太子朱慈烺穿着素色曳撒,站在最前头。两手交叠在身前。
后头,新乐侯刘文炳、左都督刘文耀,天津总兵曹友义、副总兵娄光先、海防水师副将龙锡虞等文武官员,黑压压挤满了一堂。
每个人身上的甲片都挂着夜风的寒气,脸色青白不定。
京城丢了,大顺军的追兵随时会扑过来,皇帝巡狩天津,下一步该往哪走,谁心里都没底。
后堂传来一阵沉稳的脚步声。
朱由检换了一身青布直身袍,大步迈入大堂。
群臣一撩下摆,双膝弯折准备大礼参拜。
“免了。”朱由检走到大堂正中,抬手一挥,“国难当前,宗庙蒙尘,朕受之有愧,虚礼全免。诸卿辛劳,赐坐。”
几个小太监手脚麻利地搬来锦杌。
满堂文武,除了朱慈烺半个屁股挨着椅子边,谁敢在这位刚从张家湾死人堆里杀出来的皇帝面前坐实?全都弓着腰,屏住呼吸。
朱由检没废话,直接将刚和冯元飏议定的事抛了出来。
“朕要暂驻天津。”
简简单单六个字。
曹友义和娄光先对视一眼,两人脑门上立刻冒出一层细汗。曹友义一步跨出,抱拳大吼:“陛下不可!贼势浩大,天津不可犯险!臣恳请陛下速登海船……”
“听朕说完。”朱由检厉声打断。
他径直走到大堂正中挂着的那幅巨幅京畿地图旁,右手食指重重戳在海河和渤海湾的位置。顺着水路划了一道。

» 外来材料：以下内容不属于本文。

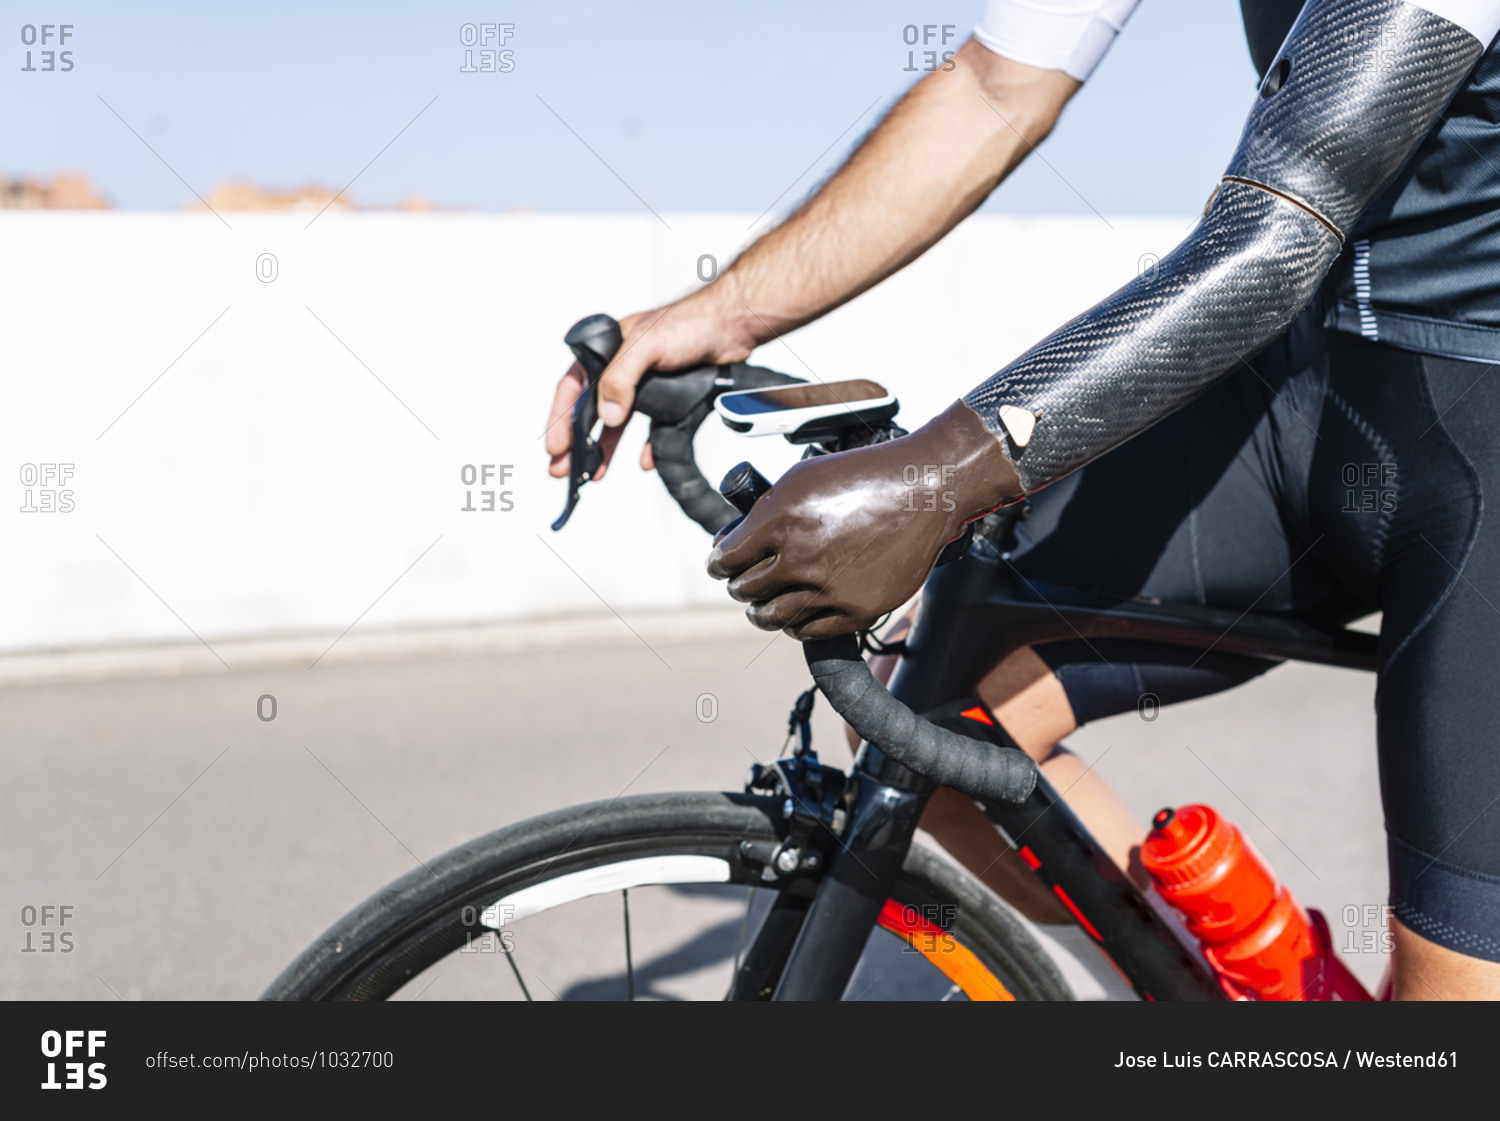 Close-up of male amputee athlete with artificial hand riding bicycle on road

“海河地势低洼,水网密布。李自成手底下全是从西北出来的旱鸭子。到了这片盐碱地、烂泥塘,他的马跑不起来,人下不了水。水师在河面上架起红夷大炮,就是一道铁墙。”
朱由检转过身,盯着曹友义。
“退一万步讲,事不可为,朕随时上船入海,退往登莱。”
“朕留在这,昭告天下。把李自成的重兵全吸到天津城下。北方的局势就不会彻底散掉,大明军民就知道天子还没输!”
朱由检往前逼近一步,袍服下摆带起一阵风。
“朕敢拿自己当饵。你们,敢不敢陪朕在这天津,跟流贼碰一碰?”
大堂里原本压抑的呼吸声,骤然粗重起来。
曹友义、娄光先、龙锡虞这几个沙场宿将,背上的冷汗被热血一冲,眼睛全亮了。
皇帝懂兵!把地利、水师、退路算得明明白白,掐准了大顺军无水师的死穴。以天子之尊为饵!
“臣曹友义,愿为陛下效死!誓守津门!”曹友义单膝砸地,甲片爆出清脆的撞击声。
“臣等誓死效命!”
满堂武将齐齐跪倒,吼声震得窗棂子直颤。那股被流贼吓破胆的颓丧,硬生生被这几句话拔了起来。
朱由检视线一转,落在朱慈烺身上。
“朕留下,大明储君不能留。”朱由检嗓音沉了下去。
朱慈烺身子猛地一抖,抬起头,眼角泛着不正常的红晕。昨日的亡命奔逃,让他对父亲生出极大的依赖。
“明日一早,太子带辎重南下,去南京。”朱由检根本不给他张嘴的机会。
“刘文炳,刘文耀。”
“臣在!”二人大步跨出,单膝点地。他们是外戚,一路上专门负责太子的安全。
“你们二人,率两千亲兵护卫太子,走海路南下。”朱由检语气坚定。
“臣等领命,刀山火海,必保太子周全!”两人重重磕头。
朱慈烺被父亲坚定的语调震住,把到喉头的话硬生生咽了回去。眼泪在眼眶里打转,却不敢掉下来。
“张国元,褚宪章。”朱由检继续点名。
两个穿着蟒衣的老太监排众而出,腰弯得极低:“奴婢在。”
兵仗局掌印,御马监掌印,内廷里吃人不吐骨头的老狐狸。
“你们随太子南下。”朱由检盯着这两个老太监的头顶,“协助太子整饬军备。江南安逸太久了,那些兵油子和软骨头,需要人去敲打。”
“奴婢遵旨。定为皇爷和太子看好江南的刀把子。”张国元扯着尖细的嗓子,透出一股毫不掩饰的杀机。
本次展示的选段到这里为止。